Saturday, September 07, 2013

Some times something isn't done when you think it is

As I sat quilting on this piece I kept looking at the orange ones as it hung on the design wall waiting for a time when I felt like sewing on the facing, sleeves and a label.  The more I looked at it the more I knew I had to do more to it.  Some thing wasn't quite right.  The something I realized was that I could not visualize how the middle stem at the bottom of the composition could possibly connect to the biggest bloom  even though that was my intentions. 

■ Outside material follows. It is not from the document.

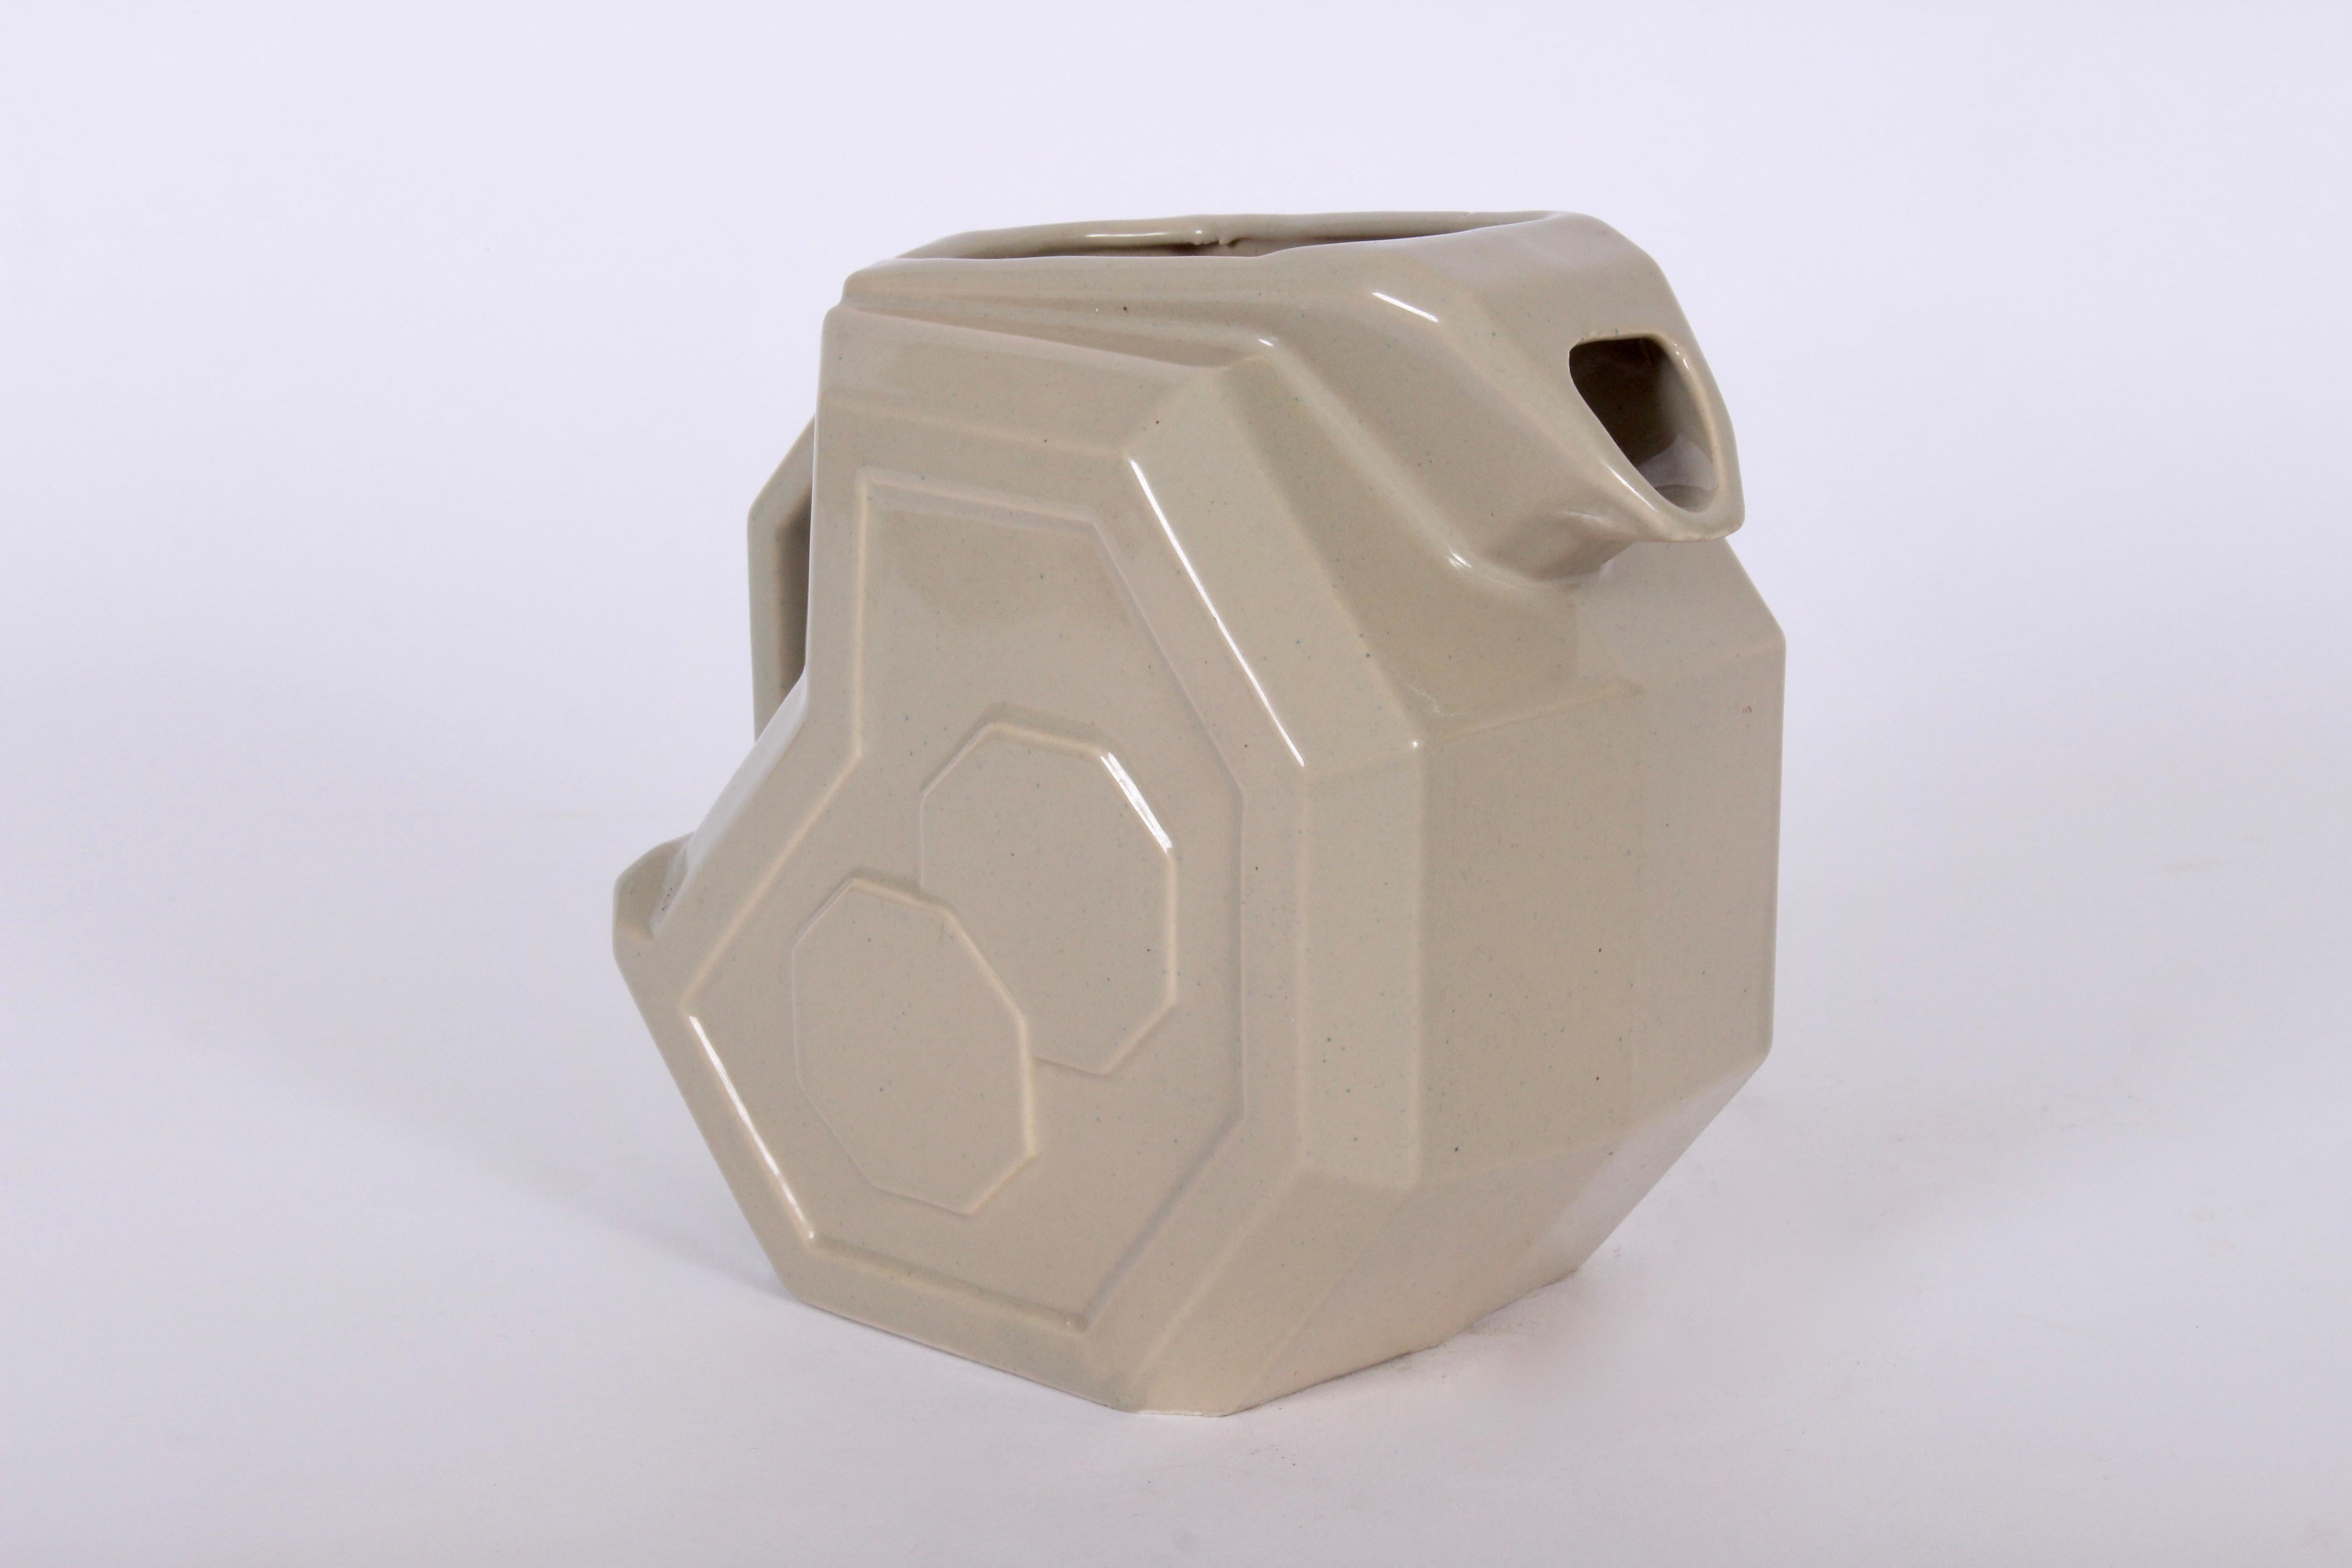 1940er Jahre Harold Holman, Alamo Potteries glasierte Keramik blass taupe achteckige Krug mit Eis Lippe. Geometrisch. Gestempeltes Modell 759. Hergestellt in San Antonio, Texas.

Here is the before.  What to do?

 


I like it better with the addition of the seed pod and the addition of another stem that is positioned so that it looks like it belongs to the largest bloom.  Better...
   I like odd numbers.  Would five stems and another seed pod work in the composition?  I will keep looking at this piece and contemplate the addition.
Now back to quilting.



Tuesday, September 03, 2013

I needed a "big" city yellow pages phone book or two

a few days ago.  Or do they still print them?
Like any new piece of equipment, there is a break in period, a learning curve to navigate before you can say, "yea I got it".  Me and my HQ16 are going through such a period and as I finished this latest piece I feel like we are getting on much, much better.  Some things are not imprinted on my brain, yet.  For instance, four out of 10 times as I end a line of stitching I am still reaching for the lever to raise a presser foot that this machine does not have. 
Another  major thing I have mastered about this machine is reinserting the bobbin case by feel.  For a sewer with machines that have always had drop in bobbin,  accomplishing this little task has lowered my frustration level tremendously since I change the bobbin thread ever time I change the top one.
The other thing that was driving me a little crazy was how you thread this machine.  The threading was intuitive except for these three hole above the tension disk area.  I hated to do this step with every thread change. 
A friend suggested that I should tie the new thread to the old thread a few inches before these thread guides and pull it through the three holes.  Eureka!!!  It works ... oh joy, oh joy. 
Even though the table top height of the HQ is the same height as the table that my Janome is in, I felt that I was sitting too low when I used the same chair that I sit on to sew at the Janome.   I  solved this not sitting at the right height to sew at the HQ by using a draftsman's chair but... there is always a but, the extra inches  that put my elbows into the ergonomically correct position made it so that my left leg  was dangling and my right one was stretching to reach the foot pedal.  This made me slide forward in the chair, perching on the edge rather then sitting properly, again,  throwing my elbows into an awkward position.  The solution, I needed to raise the floor if I wanted to leave everything else the same.  And I did. 
Hence my wish for a big city phone book.  Not having one of those or several smaller one I could put my hands on and stack, I gave myself a present.  At least that is what my grandson Josh says it looks like.  In the garage, I located a 4' x 4' piece of 2" thick blue insulation foam left over from one of the 8' panels I cut down to make my design wall that had escaped being put out for the trash collectors.  I broke it into two sectioned along the scored line, stacked one on top the other and  covered it with contact paper to disguise its not to pristine appearance.  I  and added a piece of rug floor grip to the bottom to keep it from sliding away. 
 
                        
 
It is wide enough that I can rest my left foot on it as well as the machine foot pedal.  No more dangling legs.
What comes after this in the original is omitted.